Les échanges ont notamment porté sur la construction du pont Ovoa, l’asphaltage des voiries urbaines d’Aru, ainsi que la réhabilitation de l’axe Apinaka-Aga, reliant la chefferie des Aluru-Adranga à Aga, dans la chefferie des Zaki.
Pour les participants, la matérialisation de ces projets apparaît comme une priorité pour améliorer la mobilité, faciliter les échanges commerciaux et renforcer les conditions de développement économique du territoire.
La question de la préparation des prochaines échéances électorales a également figuré parmi les sujets abordés au cours de cette rencontre, avec un appel à la mobilisation et à la responsabilité des différentes composantes de la société.
À l’issue des travaux, les participants ont salué la tenue de cette assemblée extraordinaire, estimant qu’elle a permis de faire remonter plusieurs préoccupations de la base et de dégager des orientations pour les prochaines étapes.

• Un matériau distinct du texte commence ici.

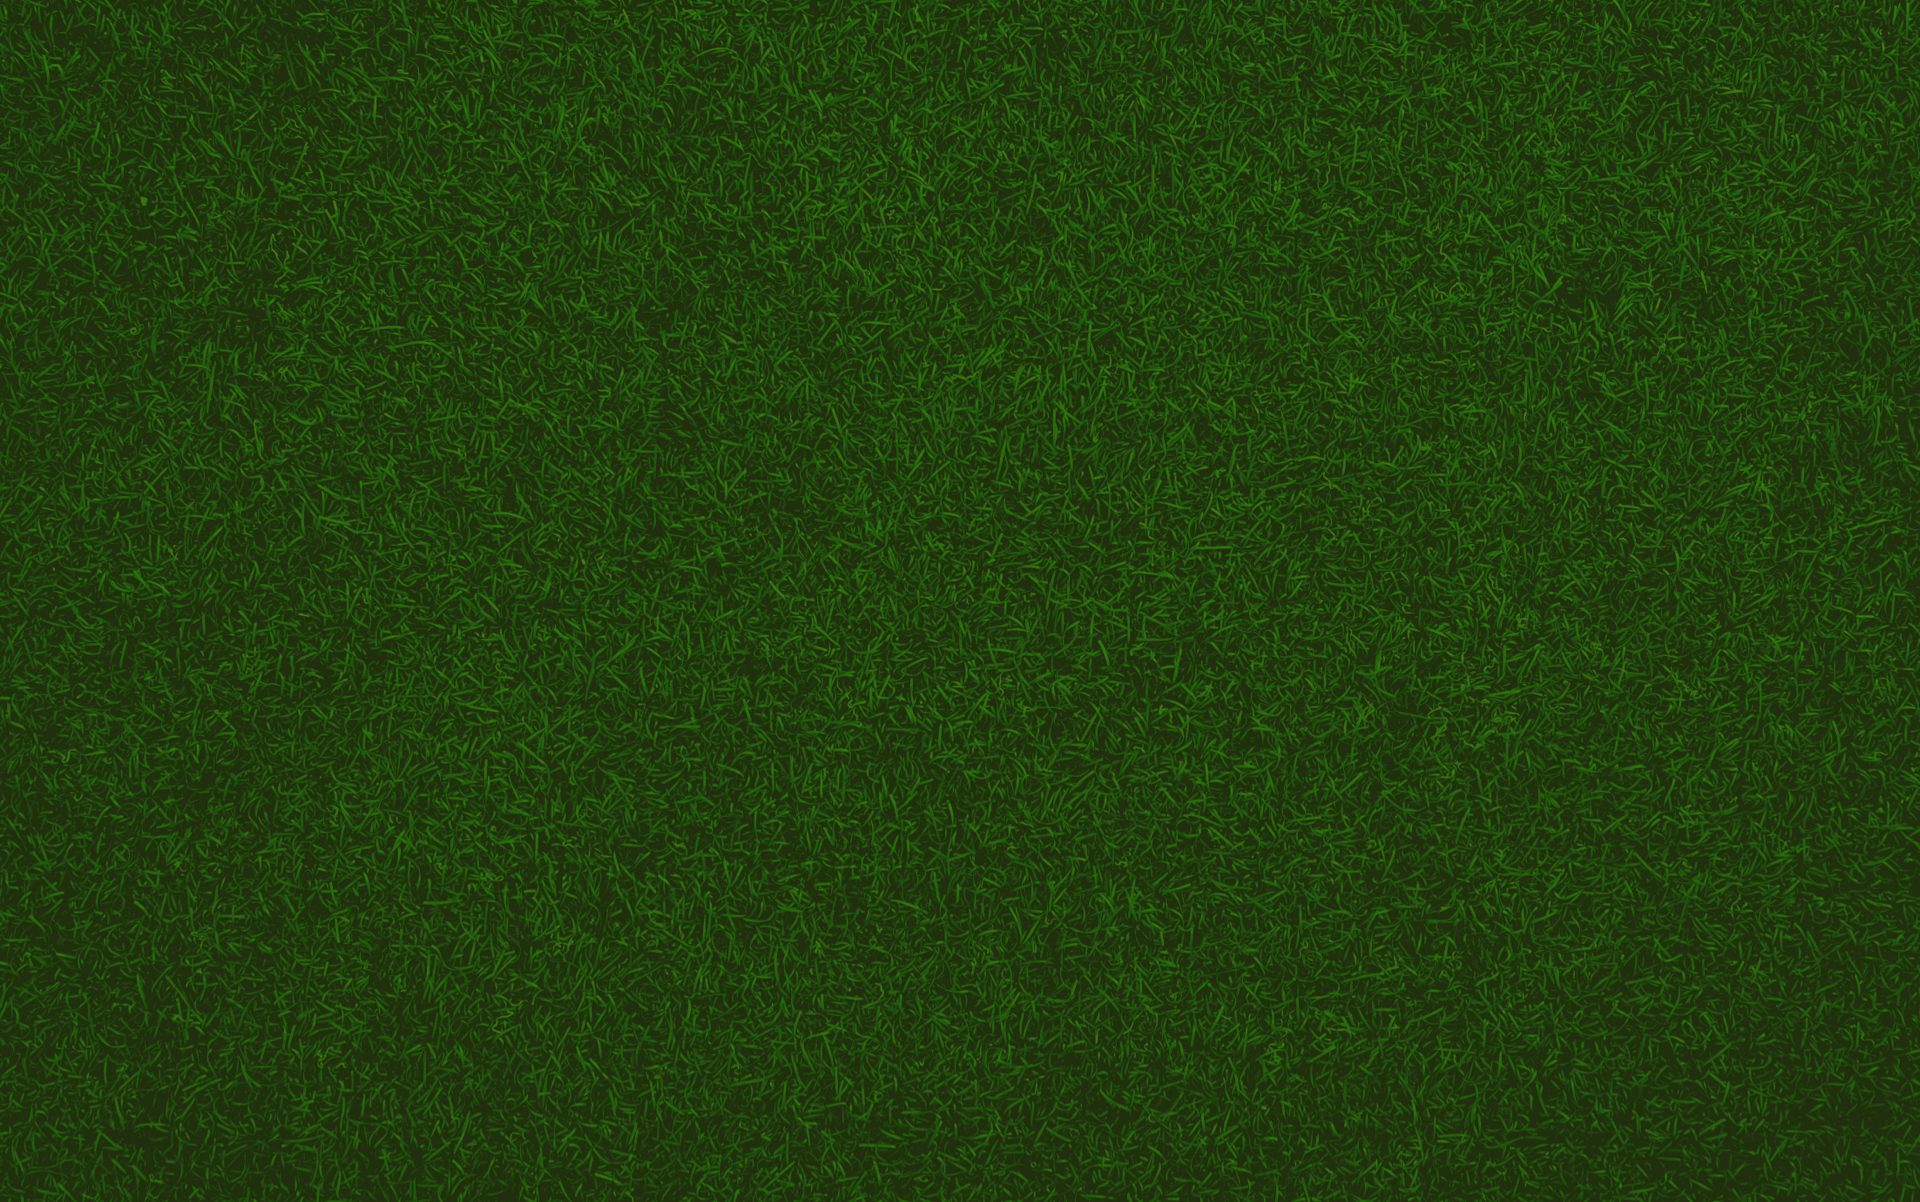 Green grass from above

« Nous félicitons le président et toute son équipe d’avoir convoqué cette assemblée générale extraordinaire. Cette rencontre nous a également permis de palper du doigt certaines réalités au sein des différentes structures juvéniles. Nous pensons qu’à l’étape suivante, les choses vont bien se dérouler, dans l’intérêt général de la population aruvaise », a témoigné un participant.
Avec cet ultimatum de 72 heures, la Société civile Force vive du territoire d’Aru entend désormais placer les autorités compétentes devant leurs responsabilités. Elle attend, dans ce délai, des mesures effectives et vérifiables pour faire lever les barrières qu’elle qualifie d’illégales et rétablir une circulation normale sur les axes concernés.